All these are important improvements in the quality of service TRANSBA renders to its customers, and they also provide the benefit of a reduction in the fines levied on the utility.

MAINTENANCE MANAGEMENT SYSTEM

To outline the principles of maintenance management, TRANSBA defined a management system structure and maintenance strategies to determine the operating structure by which it will undertake operation and maintenance tasks:

• Determination of clear and measurable goals
• Proactive planning of all critical activities
• Precise assignment of responsibilities
• Statistics to identify problems and allot resources
• Personnel training and teamwork
• Use of own resources and outsourcing
• Management audit
• Result controls.

TRANSBA has been consolidating its system of quality, the utility's main management tool, in accordance with the ISO's 9001:2000 quality management standards for all activities performed by the utility. The management system structure comprises:

• General maintenance procedures that indicate what is done in maintenance to avoid failures

• Programming and planning procedures that indicate when maintenance should be done

• A work-order system that registers or serves as objective evidence that what had to be done was actually thoroughly done, so that the utility can track maintenance completely

• Maintenance instructions that regulate work methods and indicate how maintenance should be done.

MAINTENANCE STRATEGIES

Maintenance requires skilled labor, spare parts and tools, as well as a plan to carry out work and software to administer management. Above all, there should be an adequate selection of maintenance strategies, that is to say, what should be done in maintenance. At TRANSBA, the general procedures define strategies and allot responsibilities, indicating what maintenance is done and who is responsible for it.

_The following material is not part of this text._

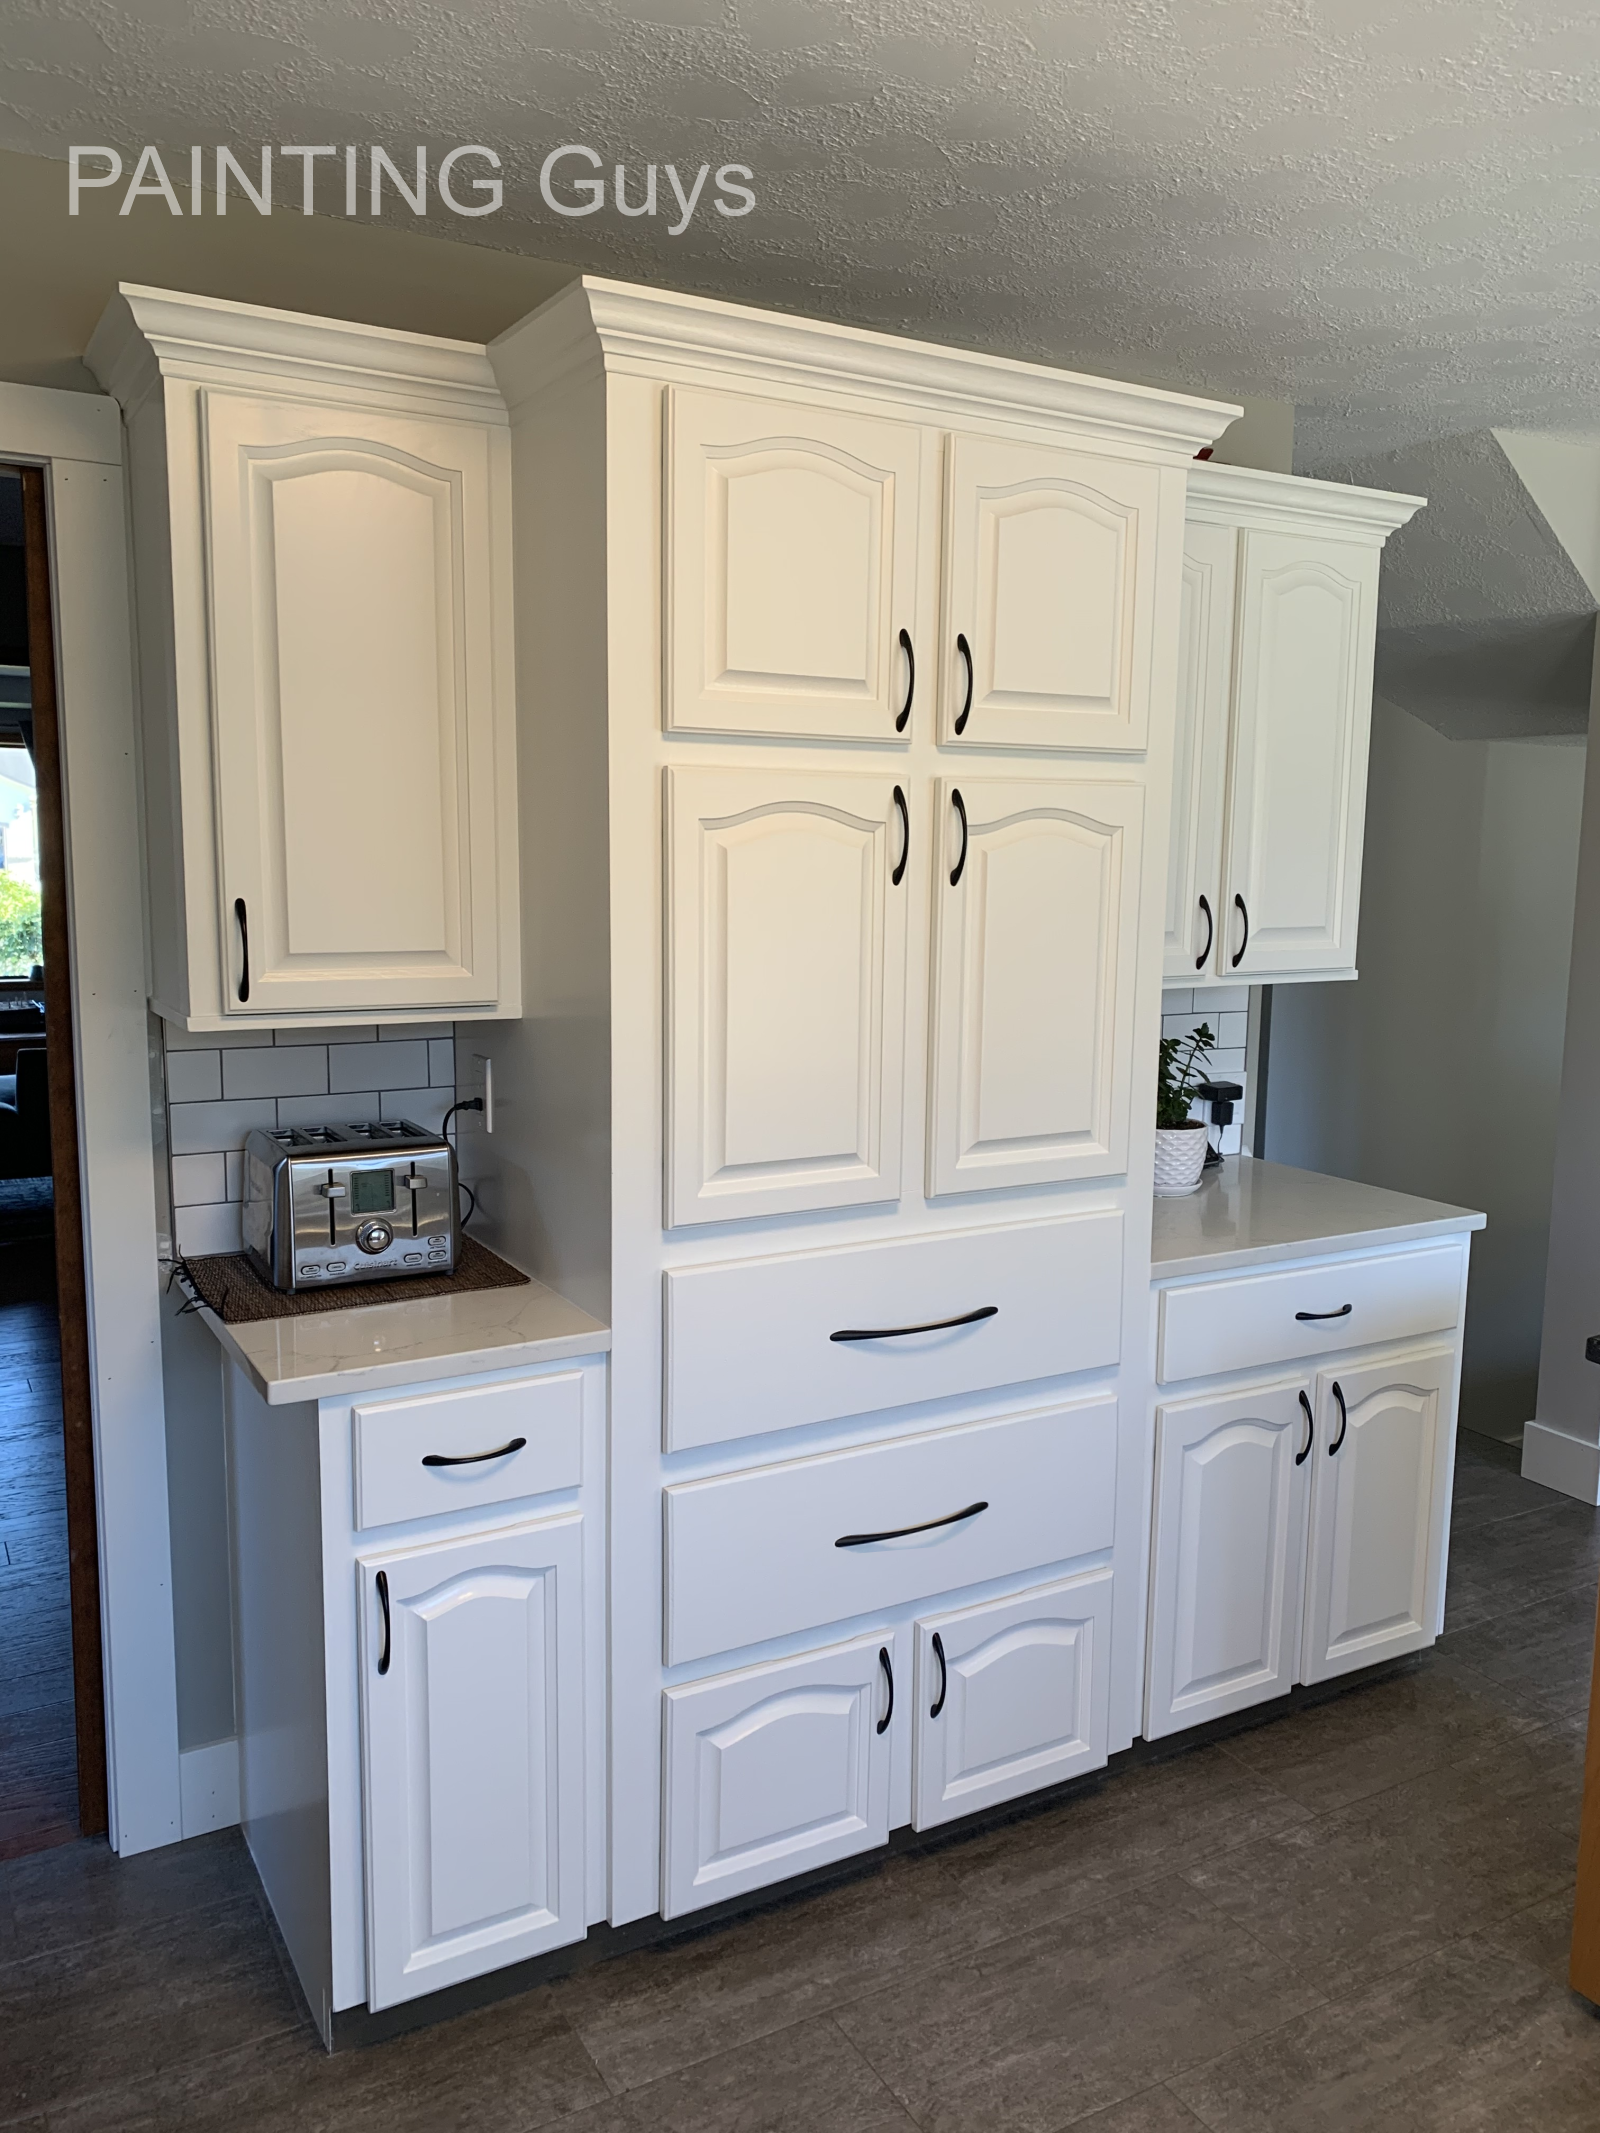 oak kitchen cabinet refinished in Cloud White
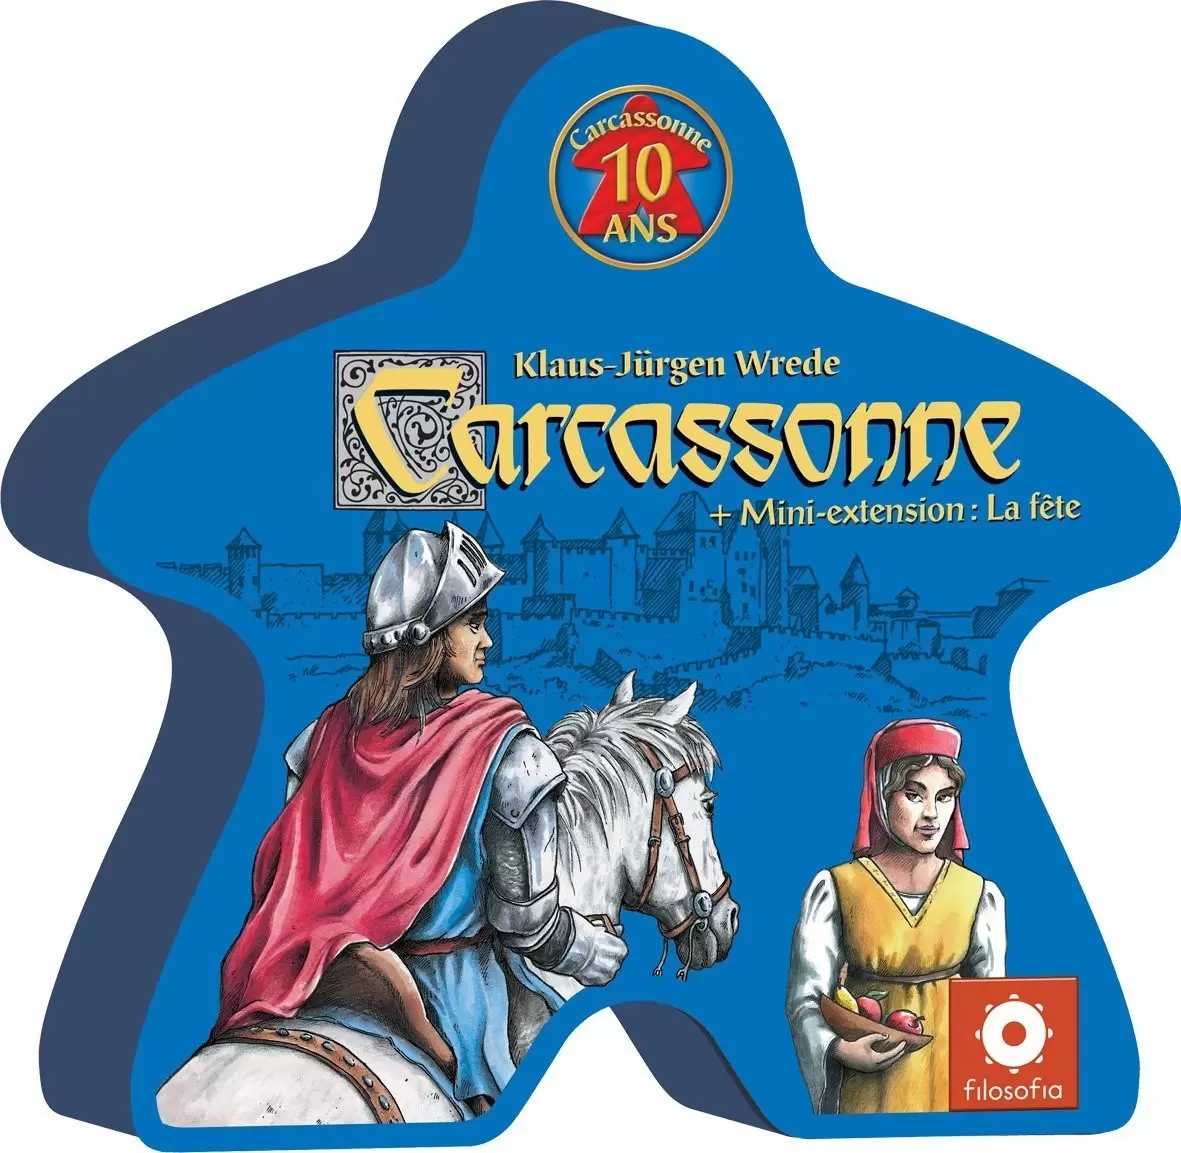 Carcassonne - Carcassonne Edition - 10 ans

In each activity, the maintenance strategies adopted by the utility are defined. They consist of different kinds of interventions according to the operational contexts, periods or conditions for the intervention, types of materials used and responsibilities. At present, the utility is incorporating Reliability Centered Maintenance II (RCM2) techniques for the revision of those strategies.

There are also general procedures of planning, maintenance, programming, work orders, statistics control, instrumental control and training. For example, in the case of overhead transmission lines, the following are defined: type and number of lines, control and follow-up of automatic recloser failures, measurements to be made, type of insulation used and lines that must be patrolled by teams with thermography equipment.

Critical and regular behavioral limits are established as well as what should be done in each case. The other maintenance activities are handled similarly. From these general procedures, the set of instructions for each maintenance task is derived, for example, climbing poles, insulator replacement, live work, maintenance of accessories for transformers, physical-chemical tests and breaker maintenance.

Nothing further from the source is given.